**EXERCISE**
Return the listing exactly, please; no pictures.

**RECORDED DATA**
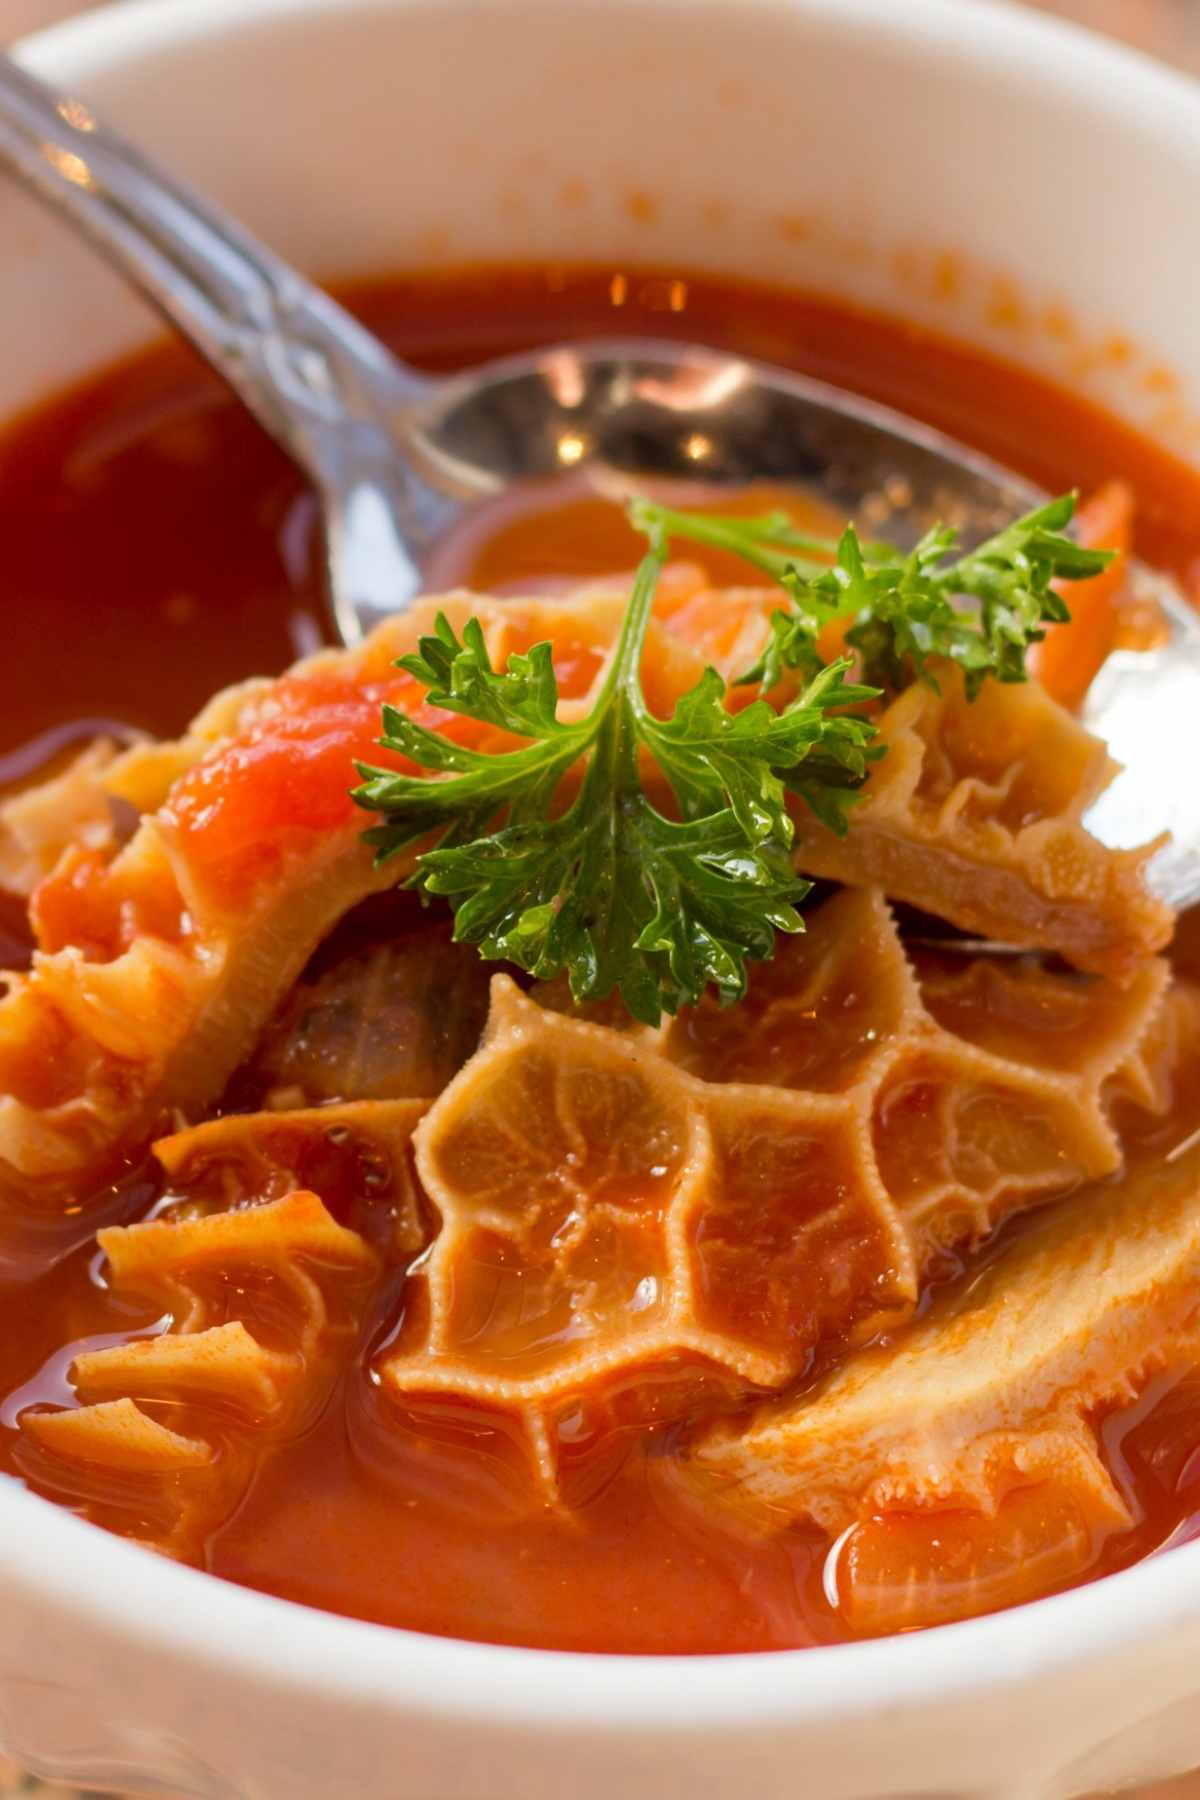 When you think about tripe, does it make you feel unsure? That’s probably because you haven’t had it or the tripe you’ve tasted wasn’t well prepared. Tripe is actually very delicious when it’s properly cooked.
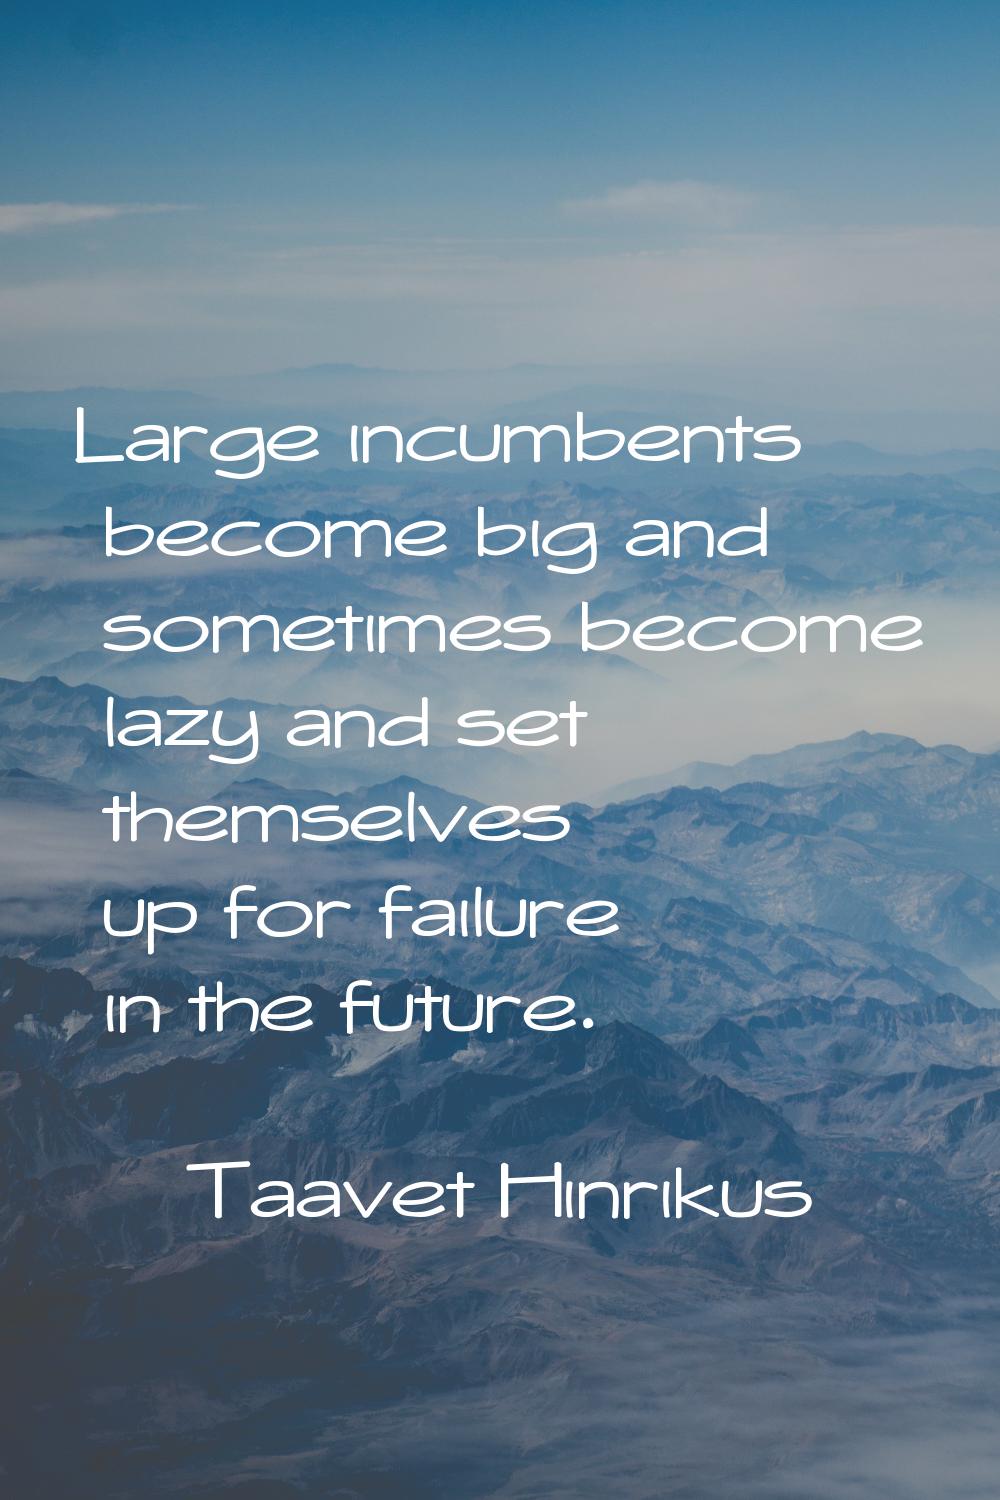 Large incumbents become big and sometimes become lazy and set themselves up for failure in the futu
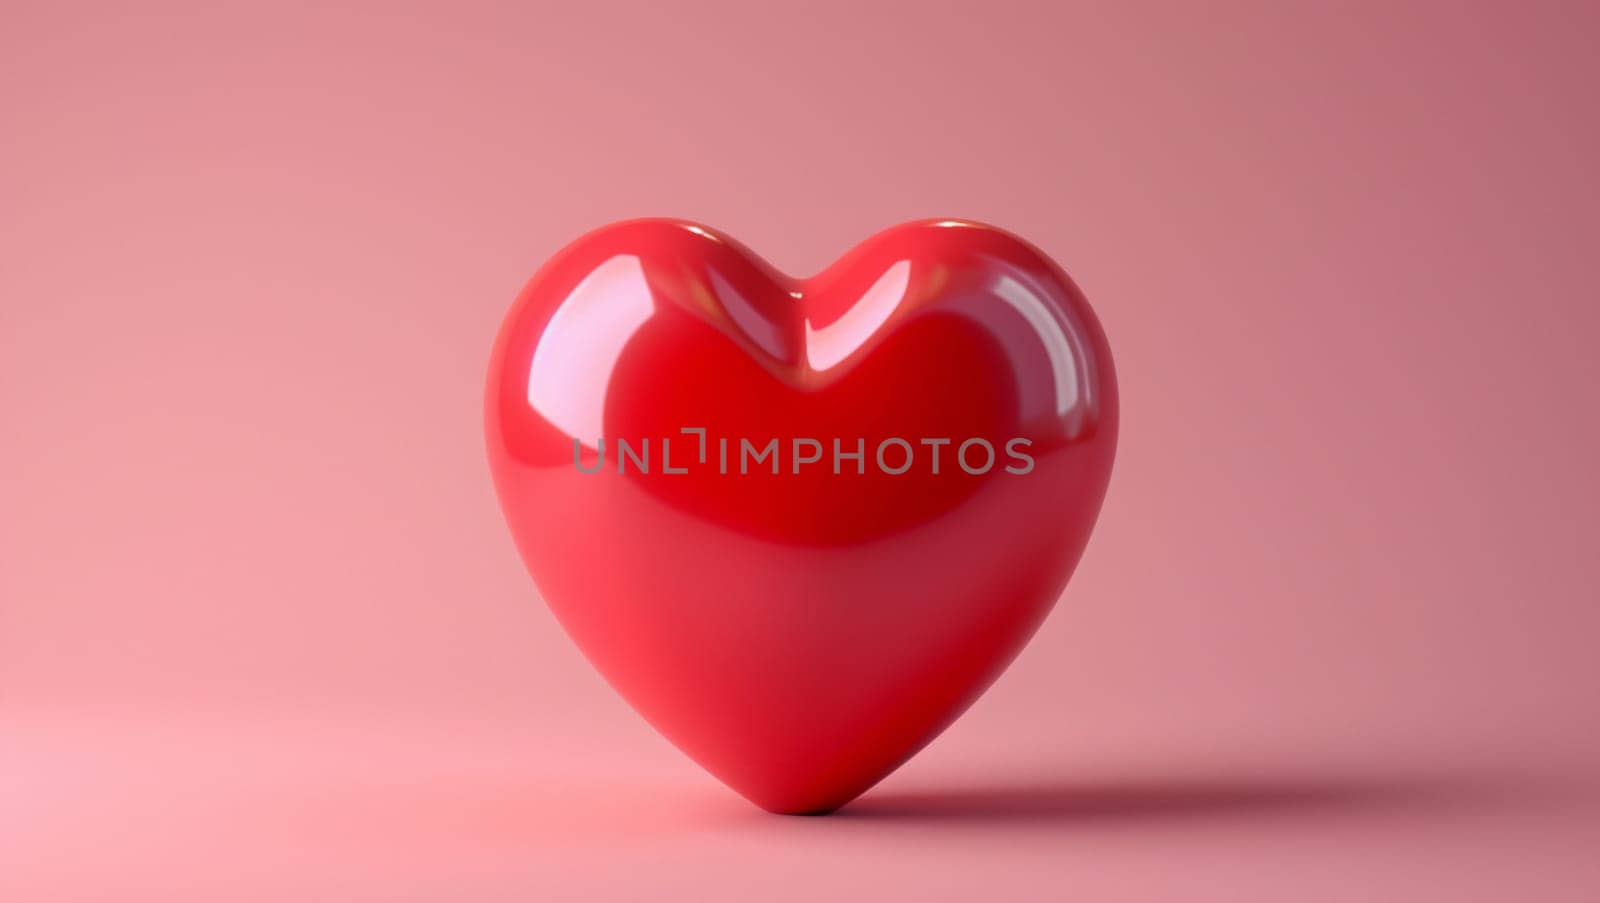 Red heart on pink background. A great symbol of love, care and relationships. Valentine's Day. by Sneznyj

**RESPONSE AREA**
 When you think about tripe, does it make you feel unsure? That’s probably because you haven’t had it or the tripe you’ve tasted wasn’t well prepared. Tripe is actually very delicious when it’s properly cooked.
 Large incumbents become big and sometimes become lazy and set themselves up for failure in the futu
 Red heart on pink background. A great symbol of love, care and relationships. Valentine's Day. by Sneznyj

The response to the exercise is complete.